[Recorded information]

....................

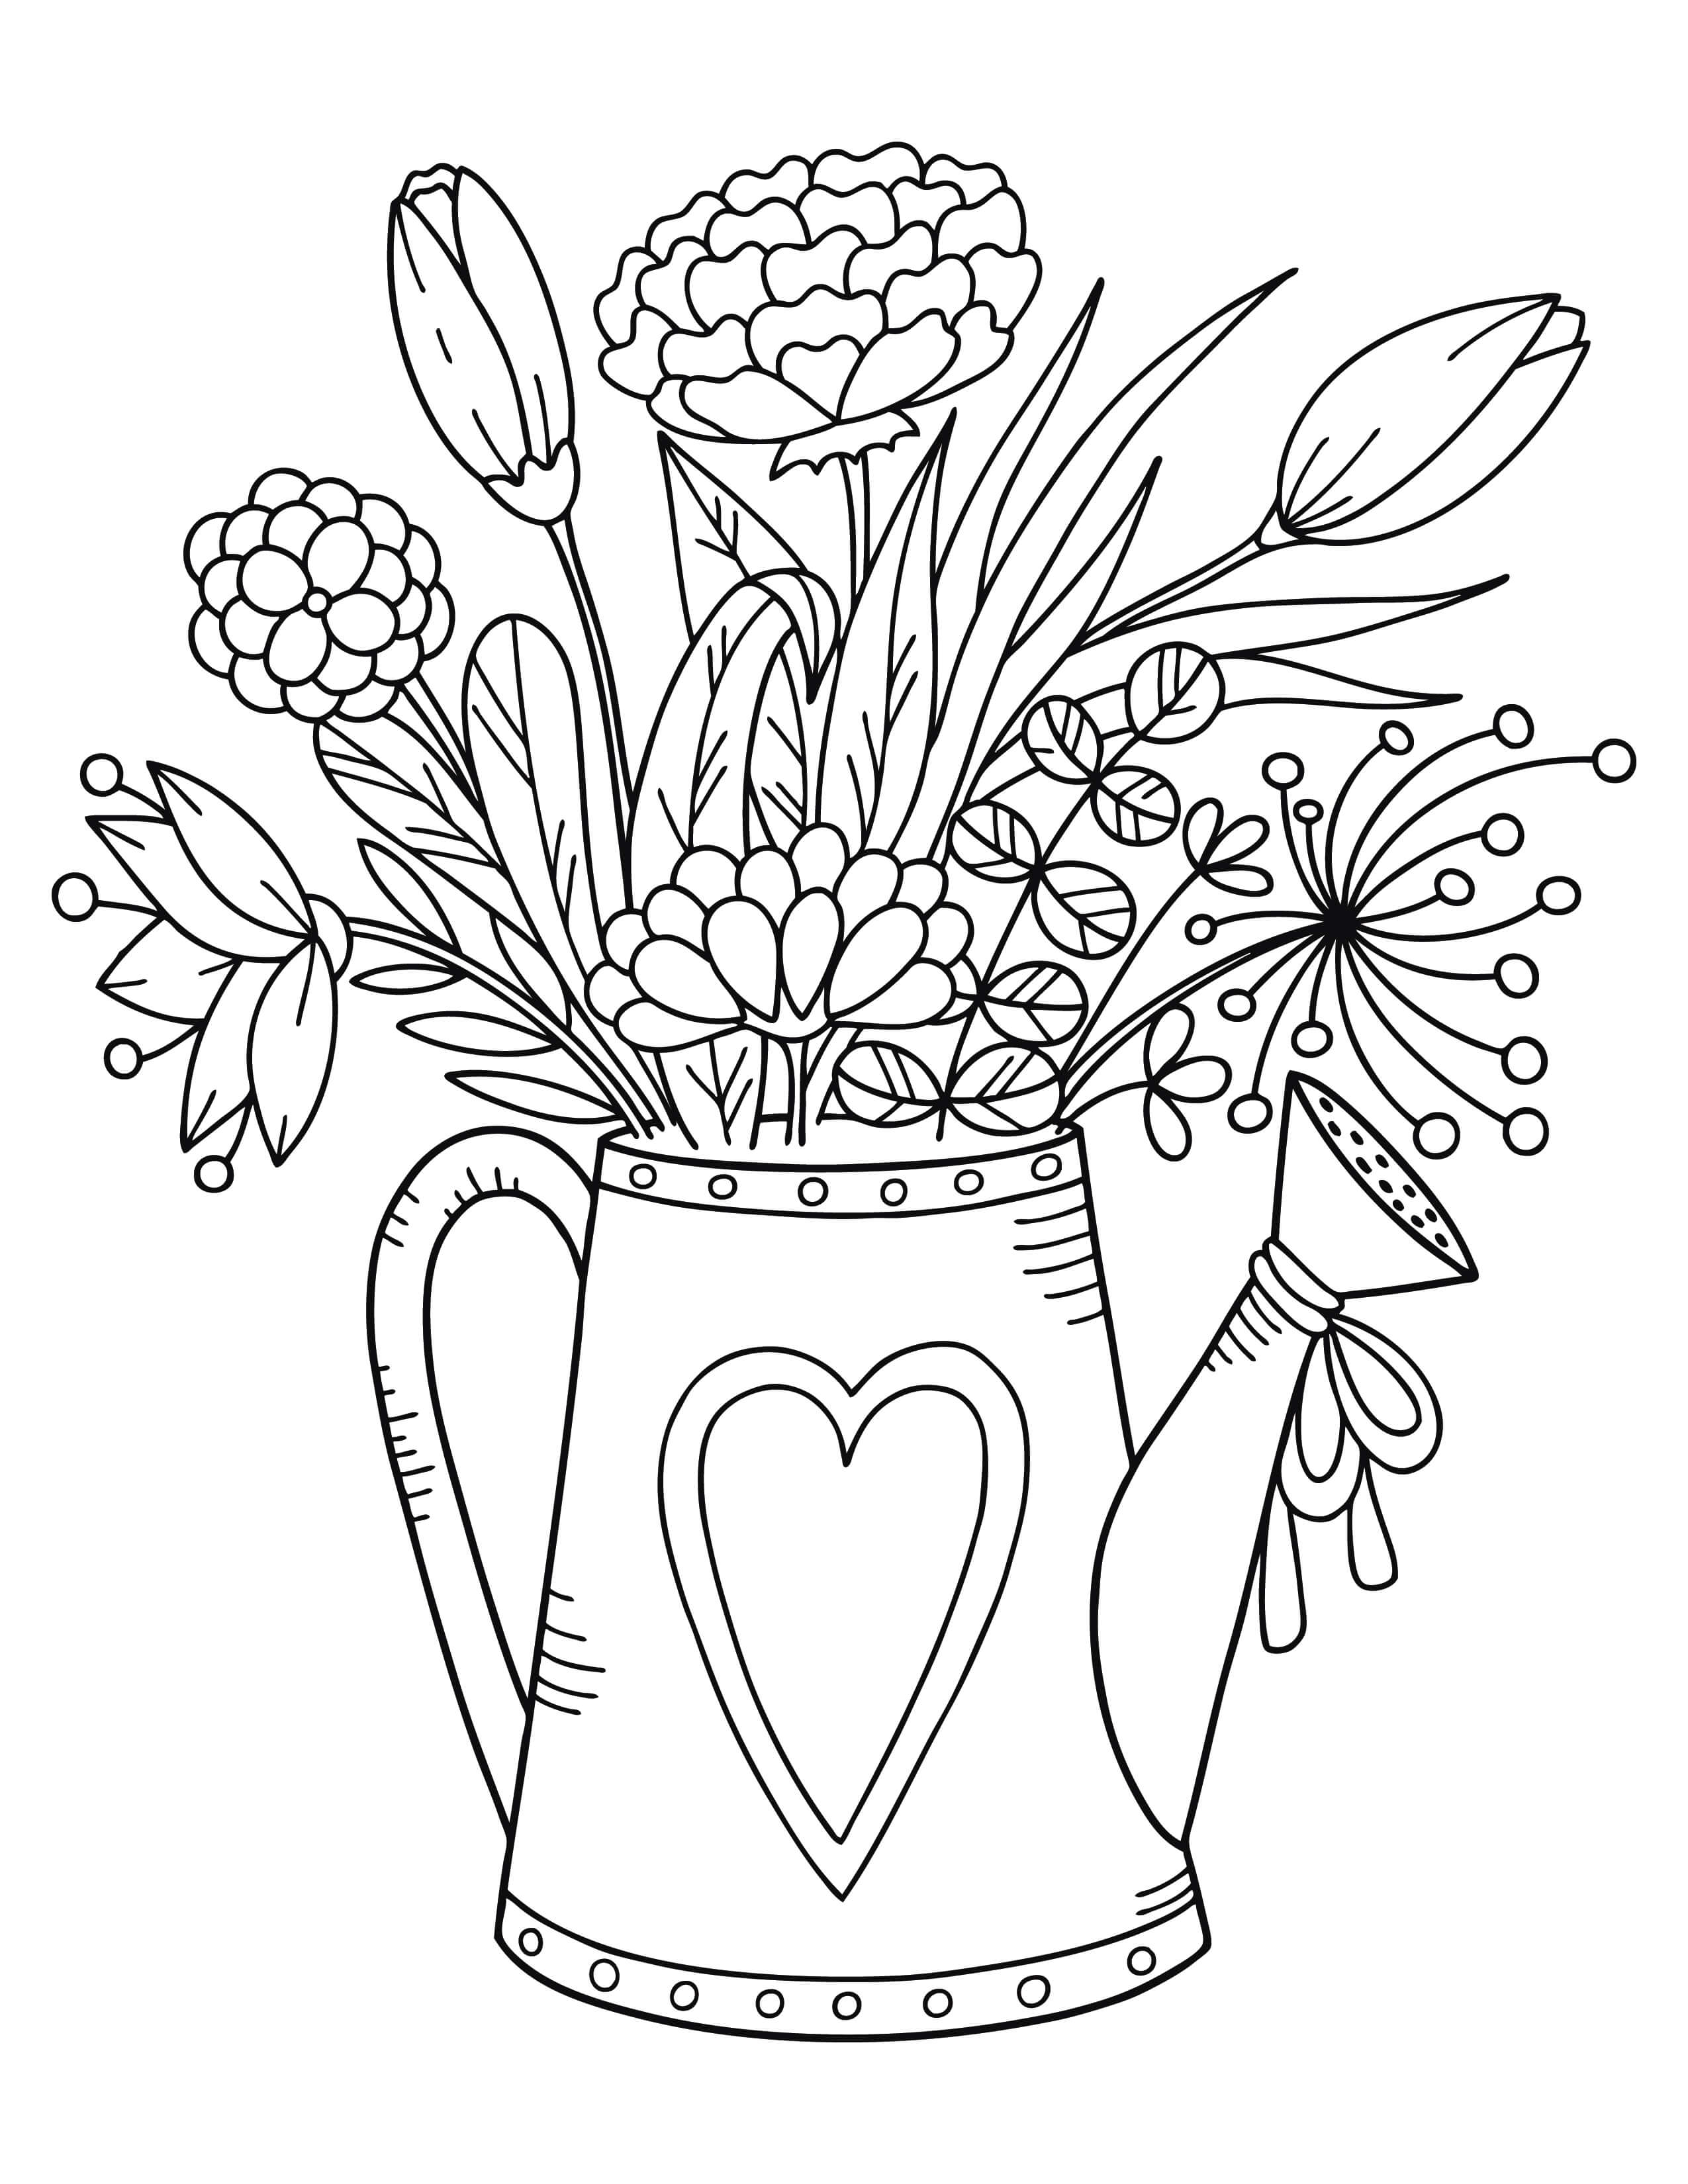 Flowers colouring in page
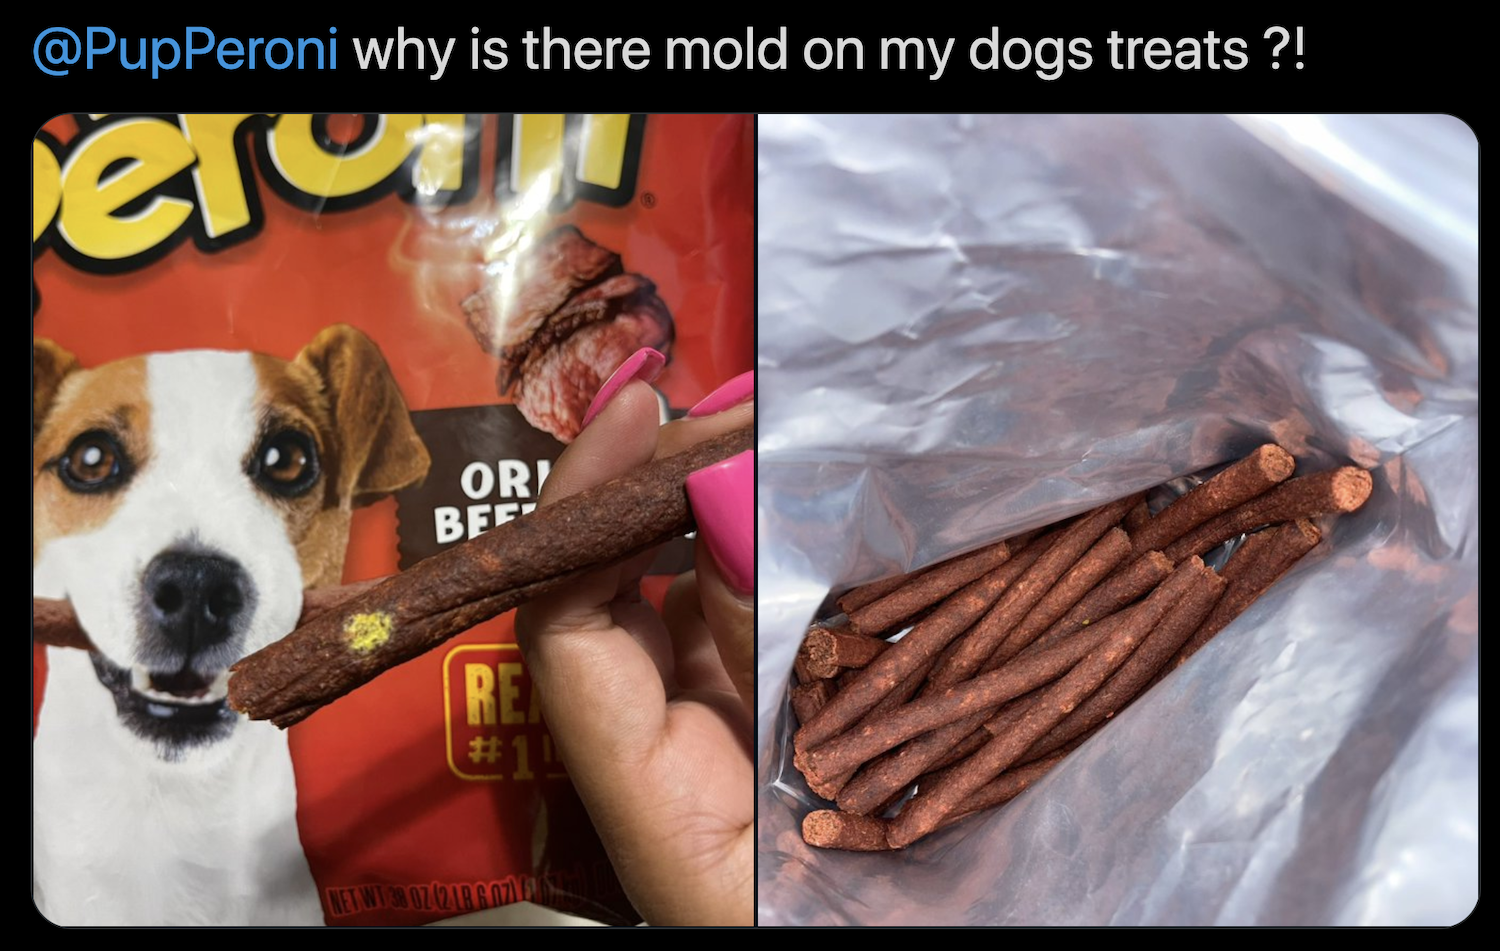 Photo from Twitter asking, Why is there mold on my dog's treats? Shows a package of Pup-Peroni in the background, and a woman's hand holding a moldy treat in front of it. It is next to a second photo of an open back of treats.
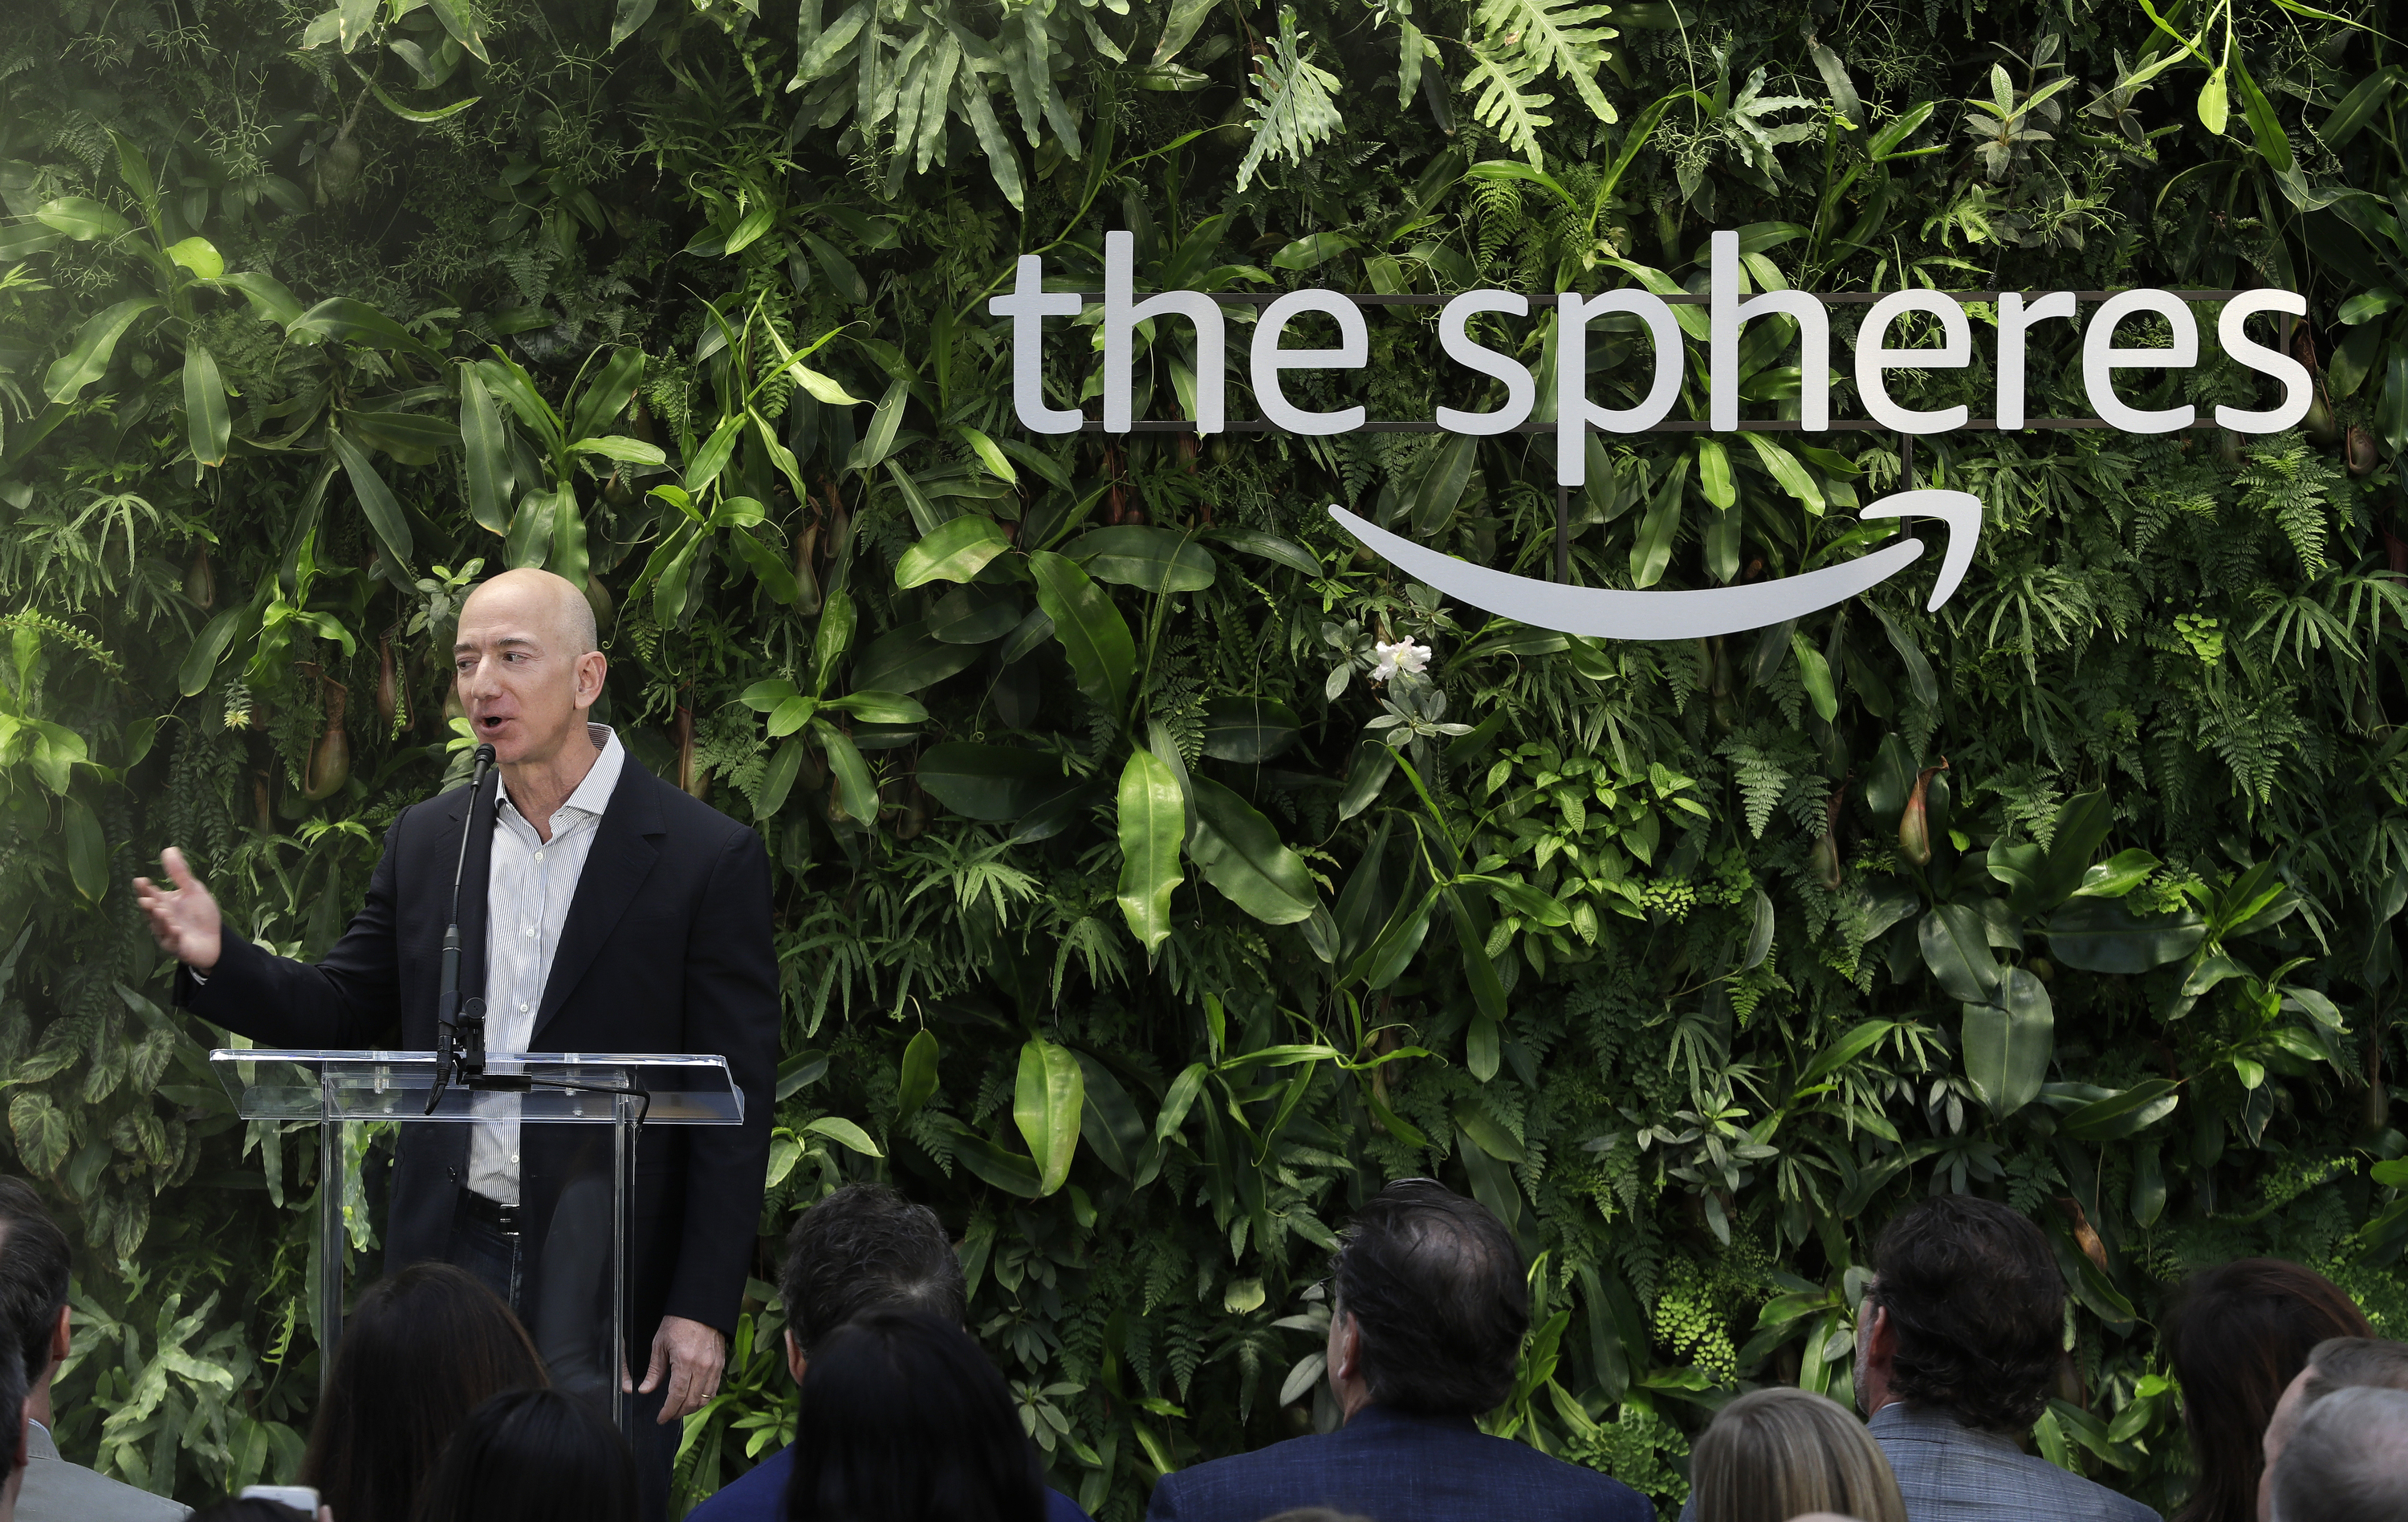 Jeff Bezos, the CEO and founder of Amazon.com, speaks during the grand opening of the Amazon Spheres in Seattle

....................

[What is required] Everything in the material above must be repeated exactly, apart from its pictures.

[Solution for this exercise]
 Flowers colouring in page
 Photo from Twitter asking, Why is there mold on my dog's treats? Shows a package of Pup-Peroni in the background, and a woman's hand holding a moldy treat in front of it. It is next to a second photo of an open back of treats.
 Jeff Bezos, the CEO and founder of Amazon.com, speaks during the grand opening of the Amazon Spheres in Seattle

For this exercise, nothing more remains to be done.